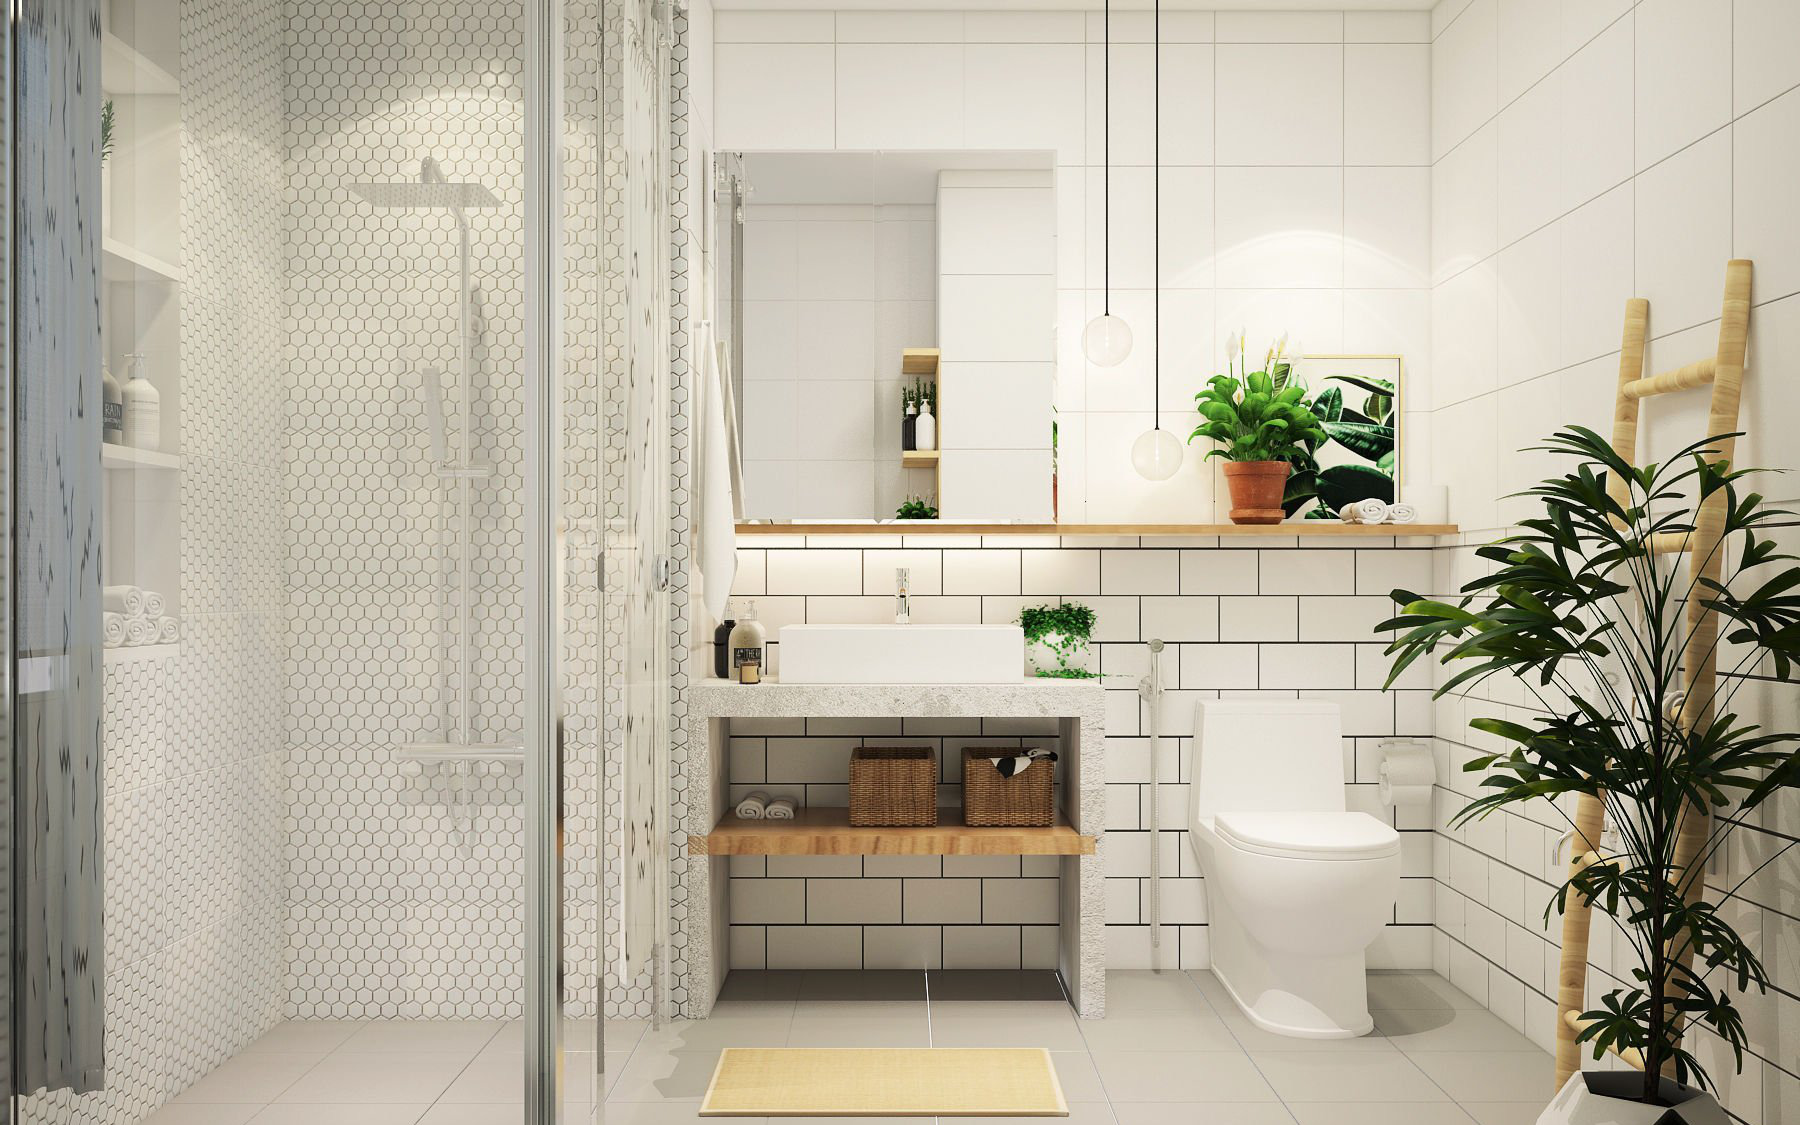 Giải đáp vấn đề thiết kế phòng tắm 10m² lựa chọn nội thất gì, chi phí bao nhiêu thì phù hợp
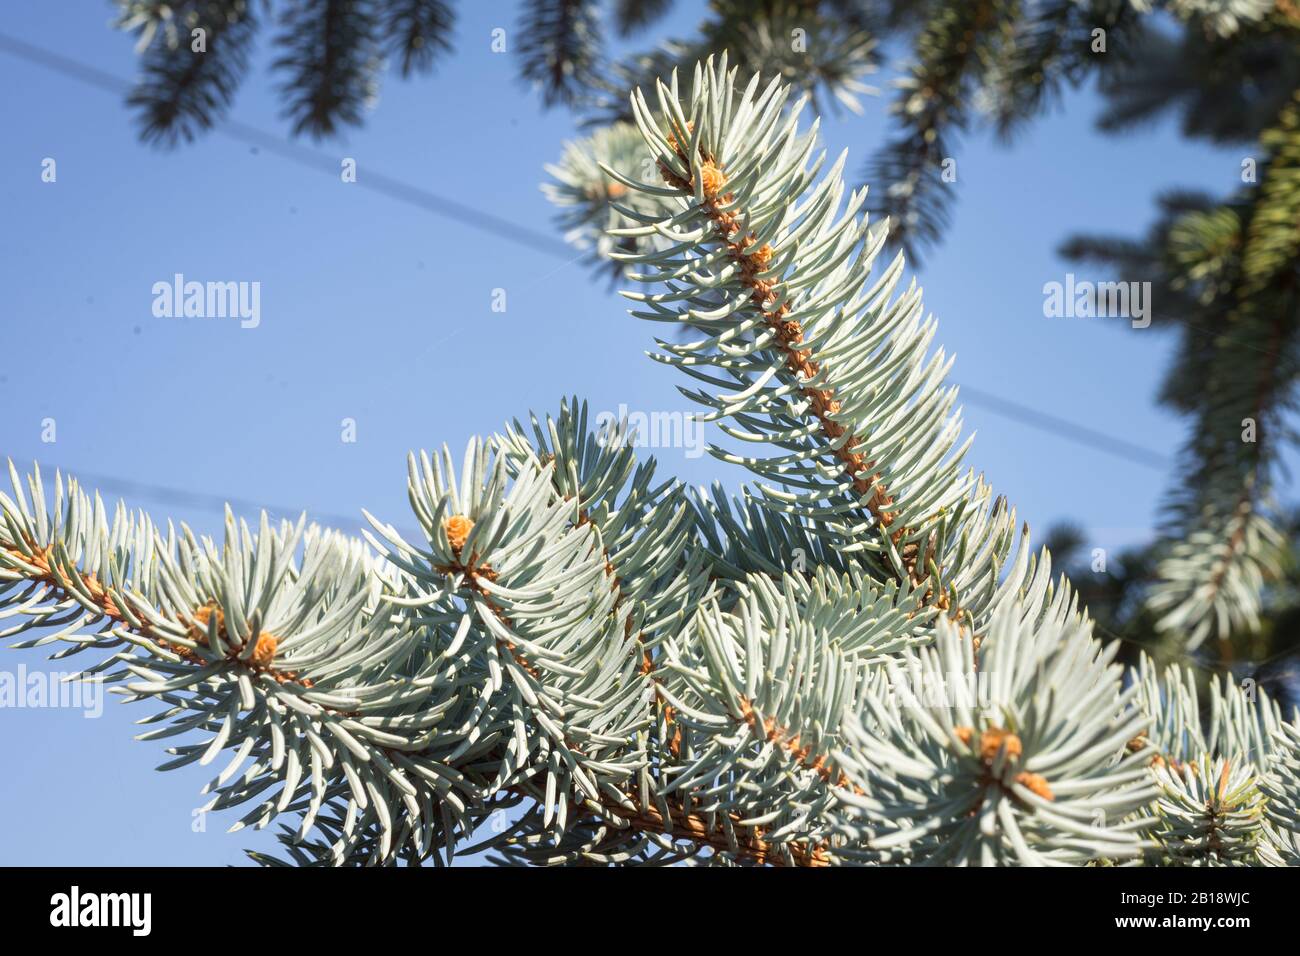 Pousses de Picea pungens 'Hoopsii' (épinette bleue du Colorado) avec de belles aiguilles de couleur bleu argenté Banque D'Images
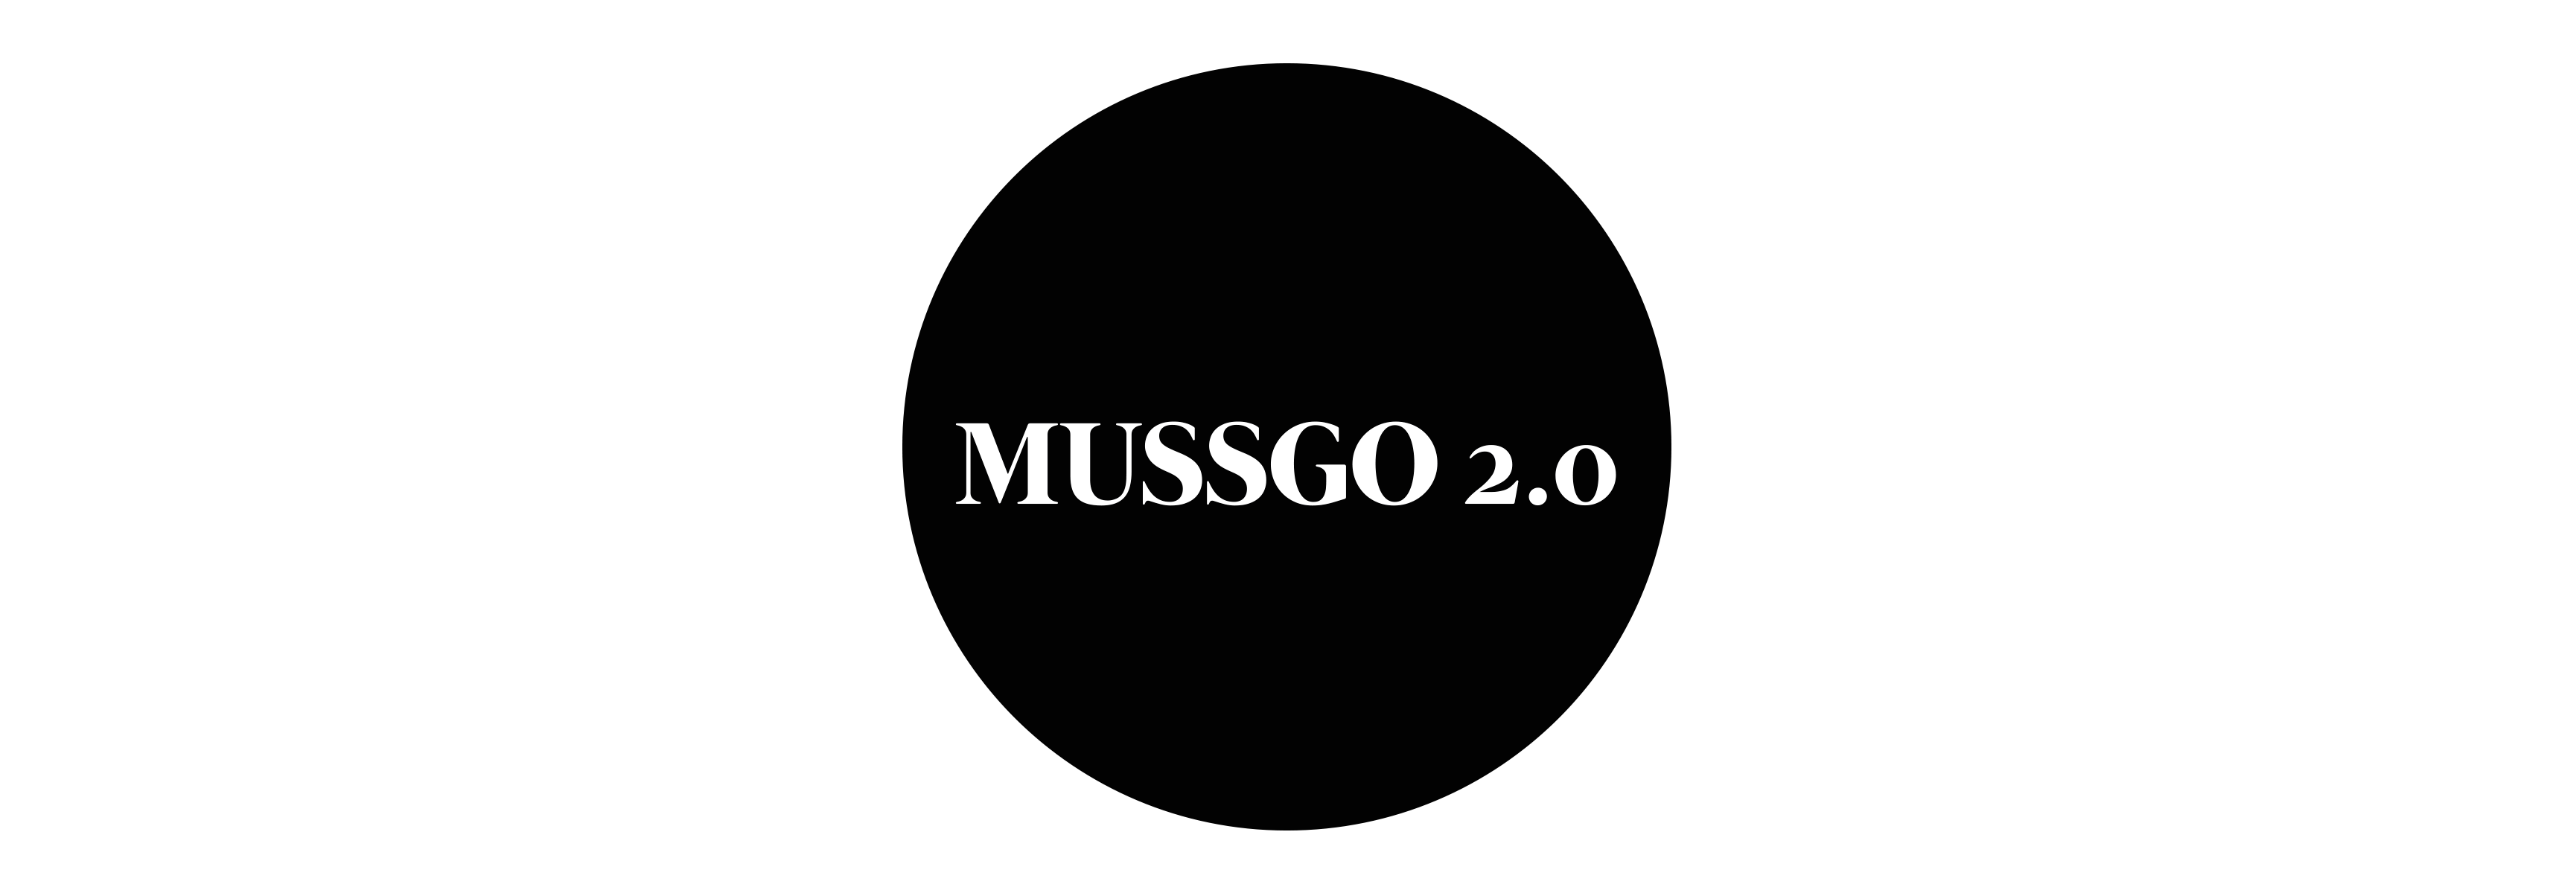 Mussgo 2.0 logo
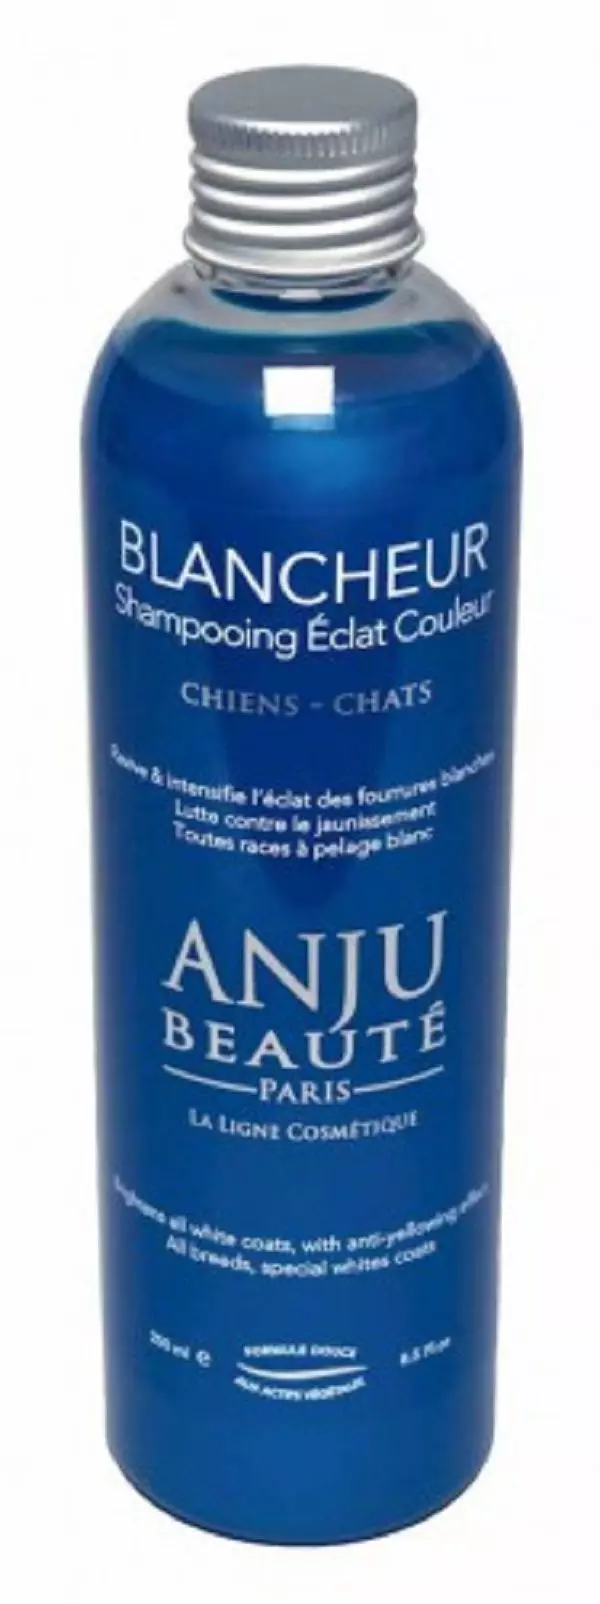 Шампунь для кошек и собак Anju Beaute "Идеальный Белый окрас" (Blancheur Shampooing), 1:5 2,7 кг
+--
- _DIRECTIONS_
Starting at the line that contains "Pousses de Picea", extract each line through the last line of the material exactly as written, and include no pictures.

- _ANSWER TO THE EXERCISE_
 Pousses de Picea pungens 'Hoopsii' (épinette bleue du Colorado) avec de belles aiguilles de couleur bleu argenté Banque D'Images
 Mussgo 2.0 logo
 Шампунь для кошек и собак Anju Beaute "Идеальный Белый окрас" (Blancheur Shampooing), 1:5 2,7 кг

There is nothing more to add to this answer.